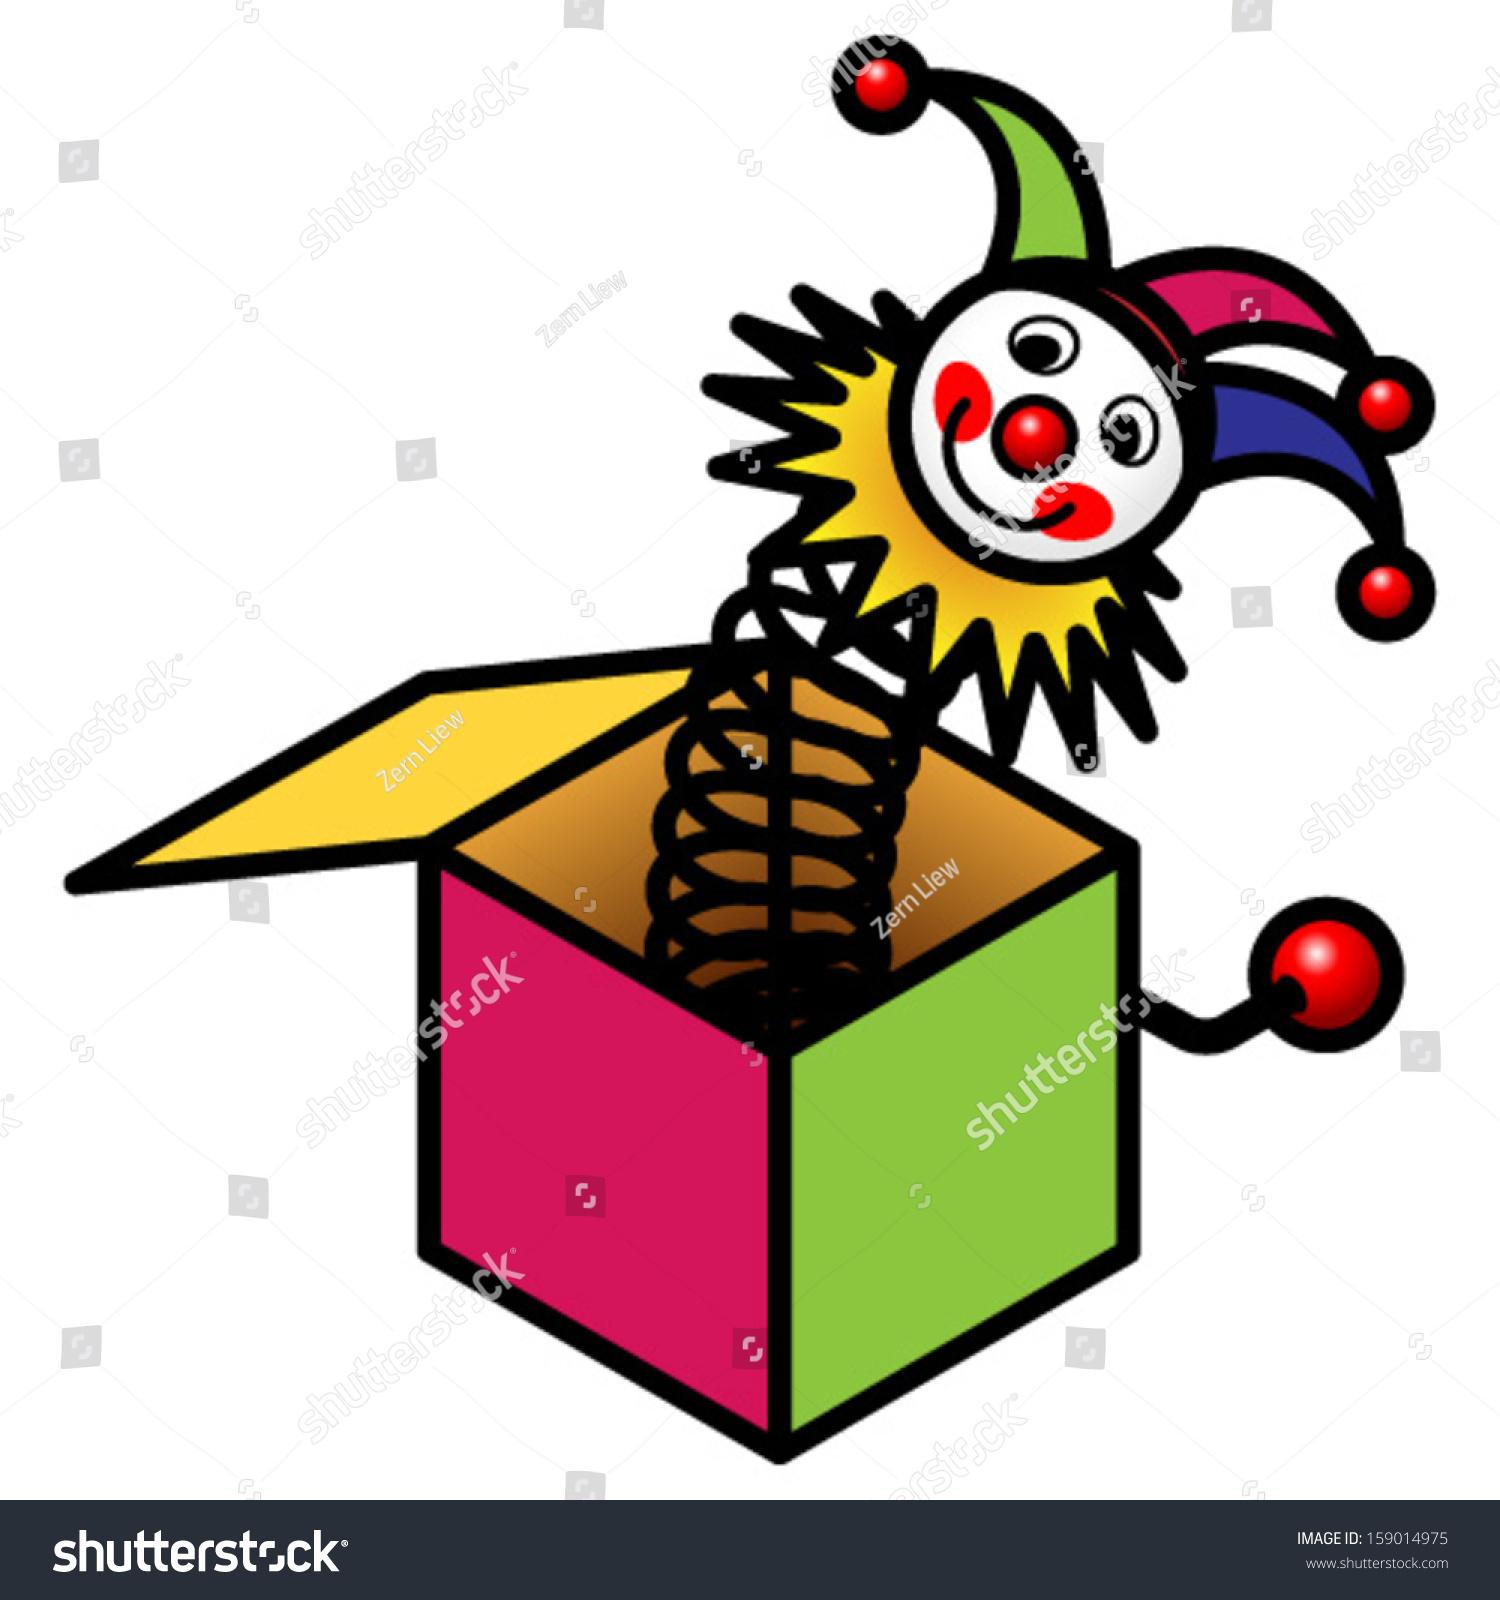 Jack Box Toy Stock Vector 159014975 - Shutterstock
━━━━━━━━━━━━━━━━
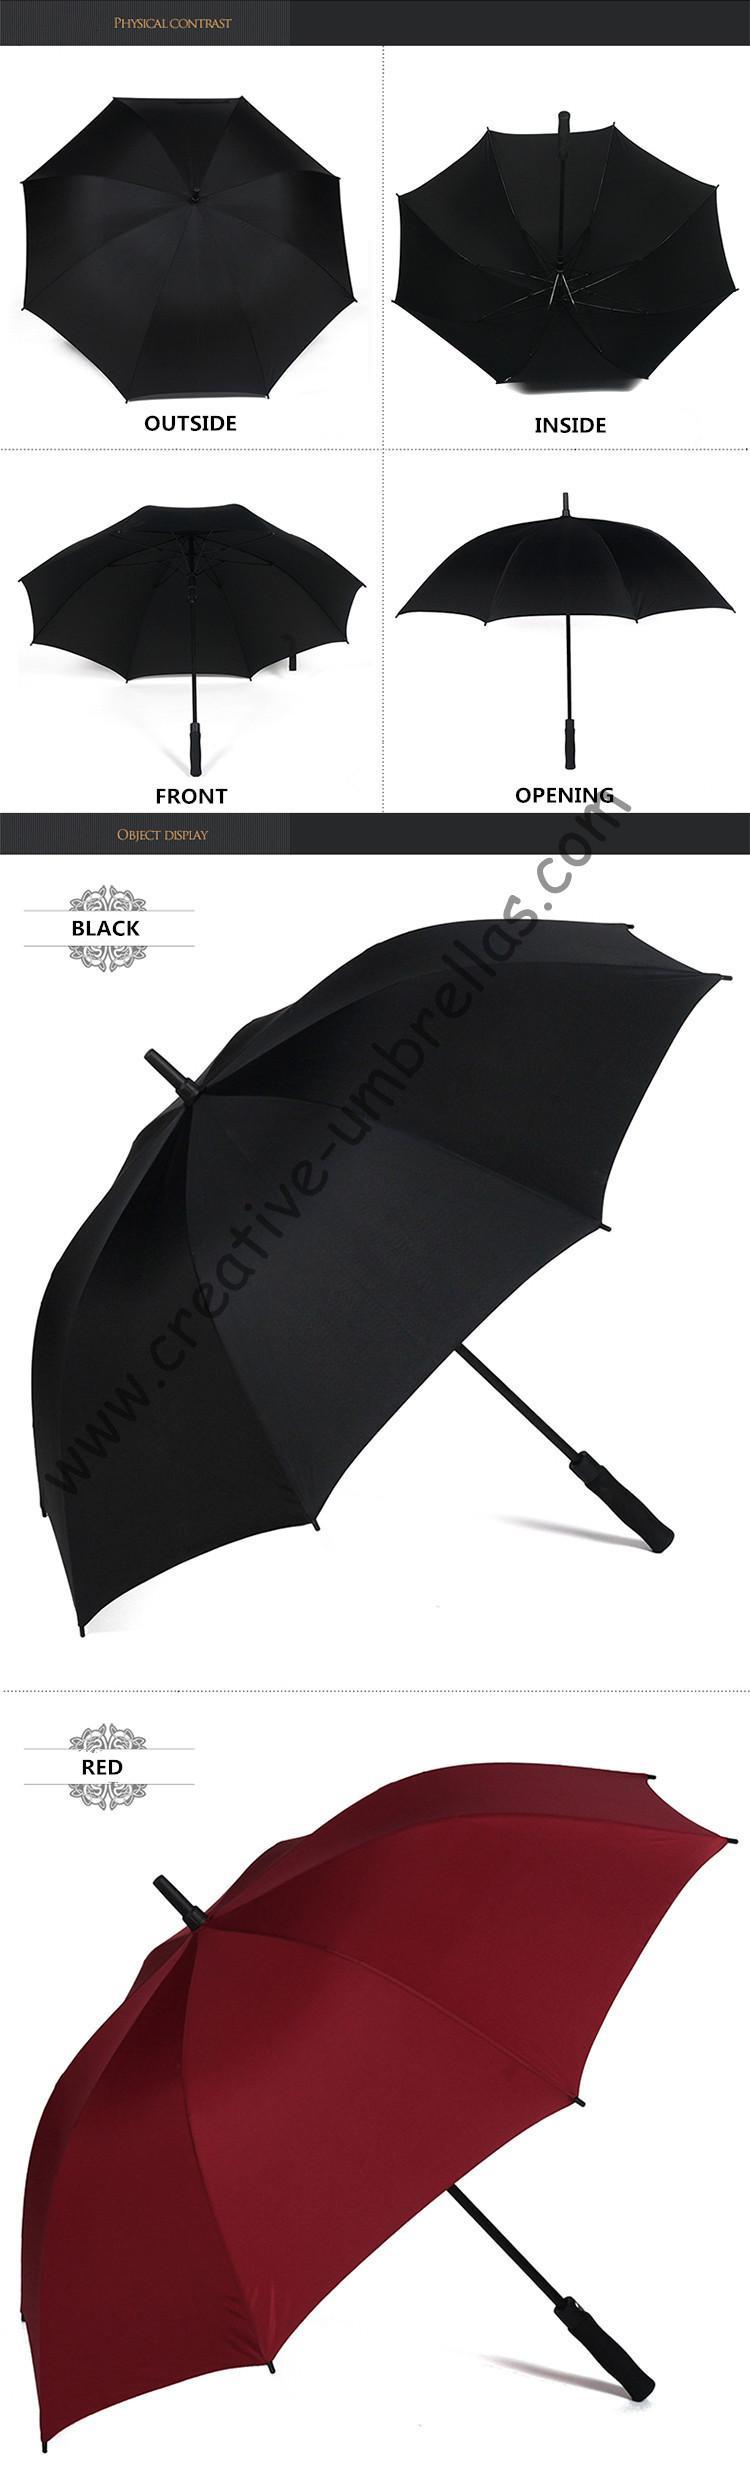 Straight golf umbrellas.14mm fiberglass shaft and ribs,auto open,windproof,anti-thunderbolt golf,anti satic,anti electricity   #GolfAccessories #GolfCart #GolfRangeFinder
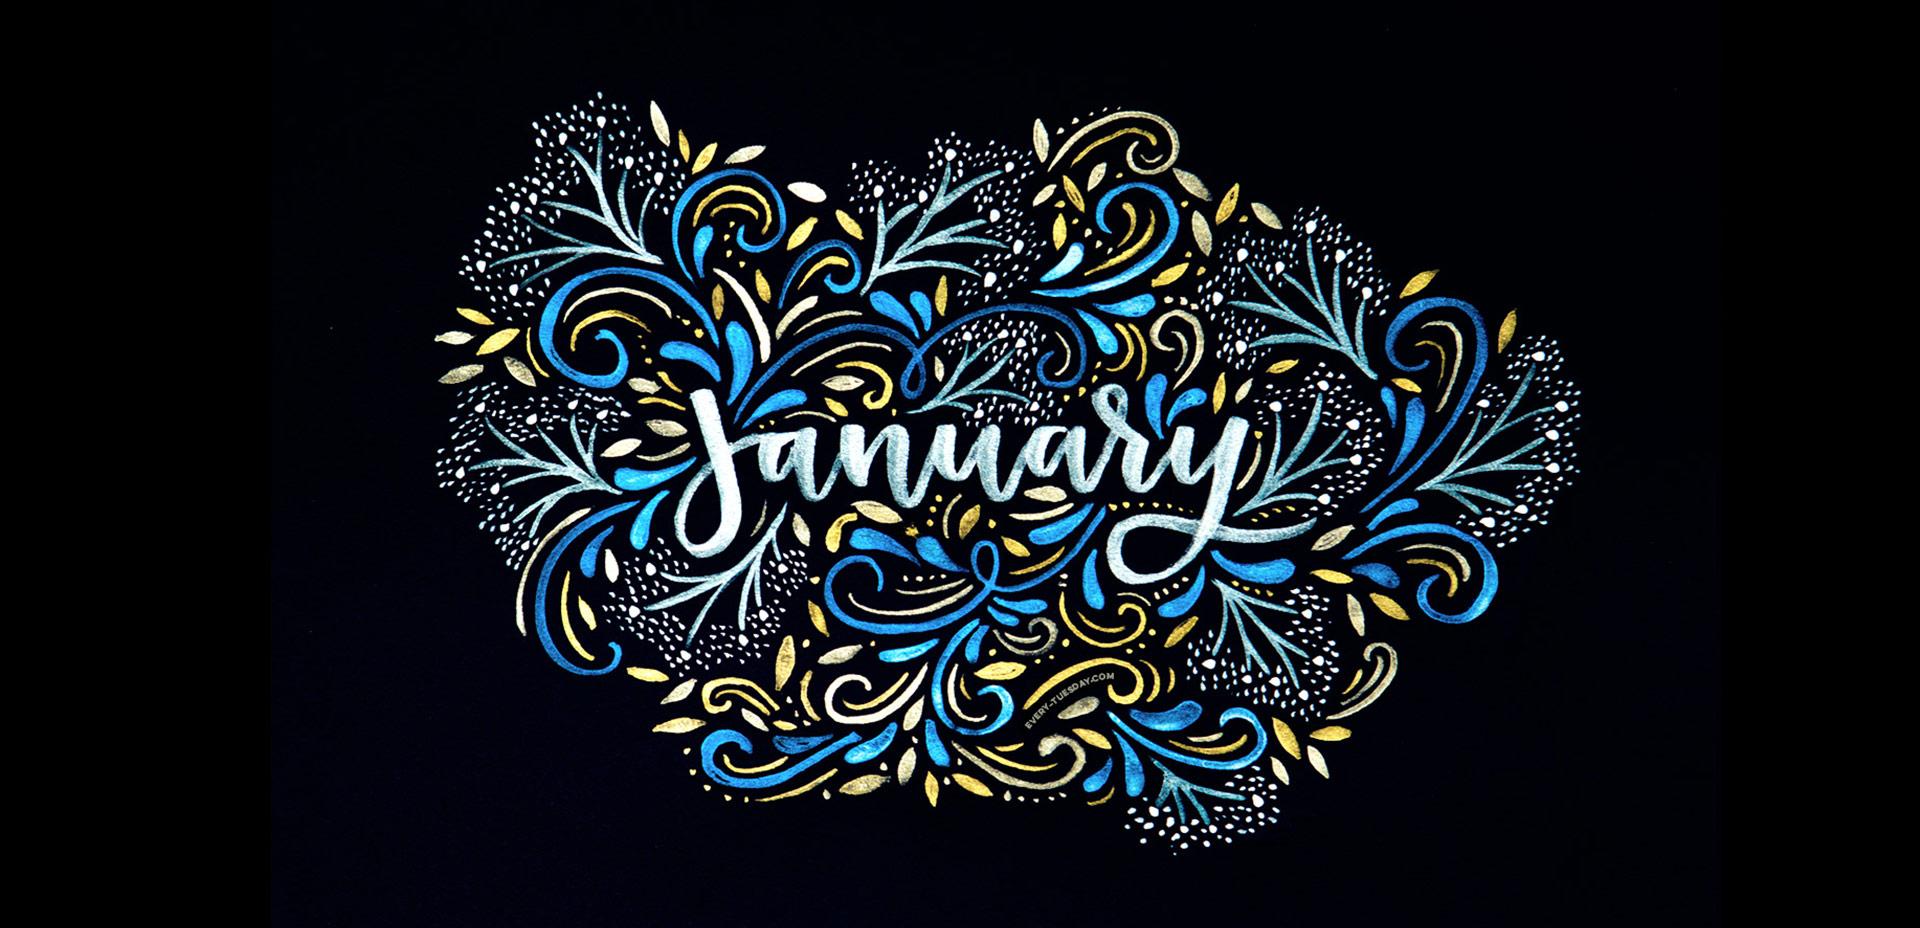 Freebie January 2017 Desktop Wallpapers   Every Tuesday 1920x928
━━━━━━━━━━━━━━━━
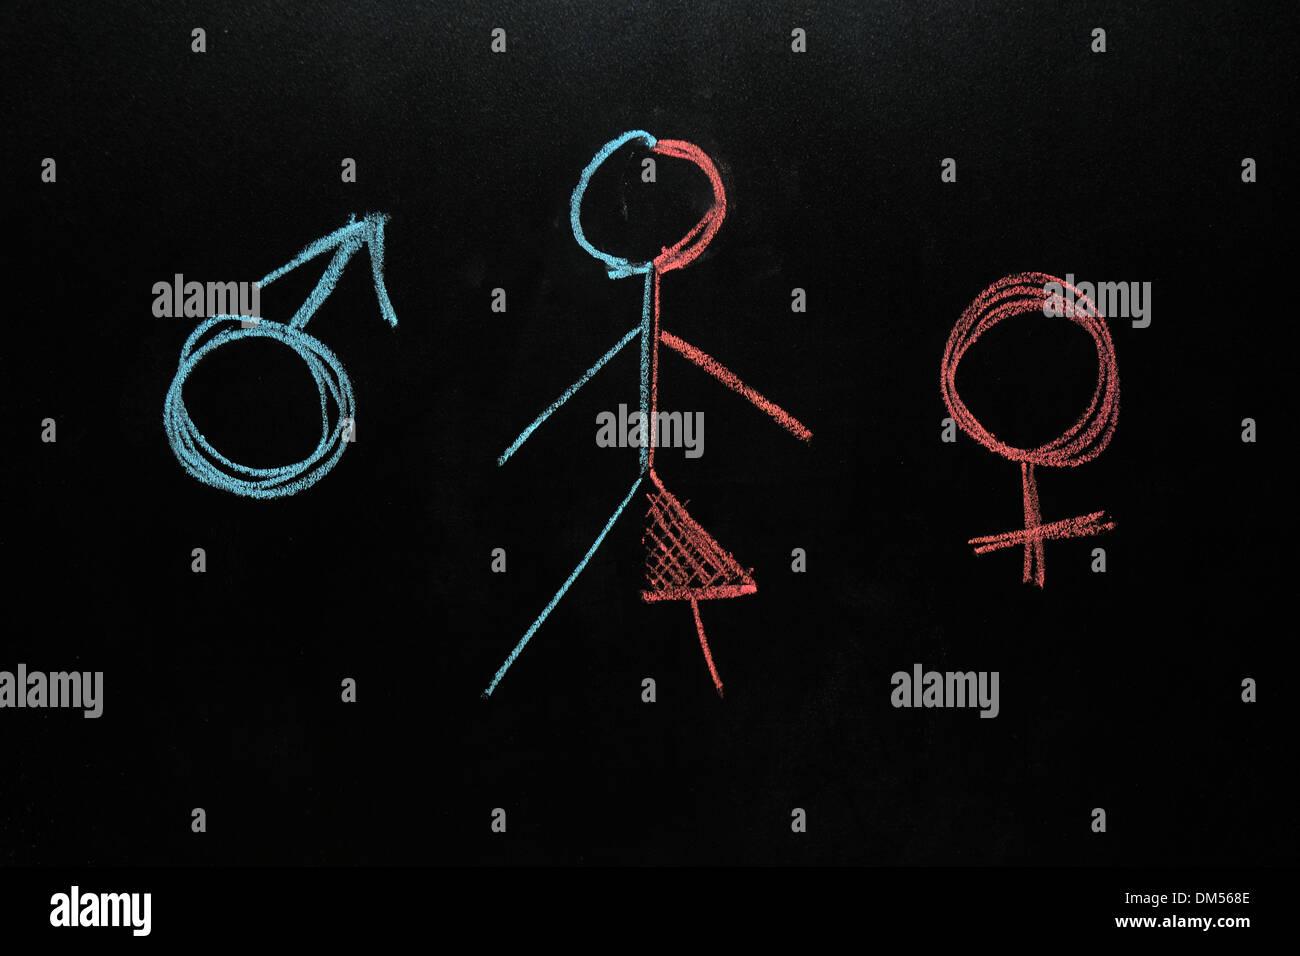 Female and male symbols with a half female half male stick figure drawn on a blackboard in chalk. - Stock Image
━━━━━━━━━━━━━━━━
:: What is being asked ::
Look back over the records above. Reproduce exactly everything from the line with "Straight golf umbrellas.14mm" down to the line with "Freebie January 2017", inclusive, and leave the pictures out.

:: Problem solution ::
 Straight golf umbrellas.14mm fiberglass shaft and ribs,auto open,windproof,anti-thunderbolt golf,anti satic,anti electricity   #GolfAccessories #GolfCart #GolfRangeFinder
 Freebie January 2017 Desktop Wallpapers   Every Tuesday 1920x928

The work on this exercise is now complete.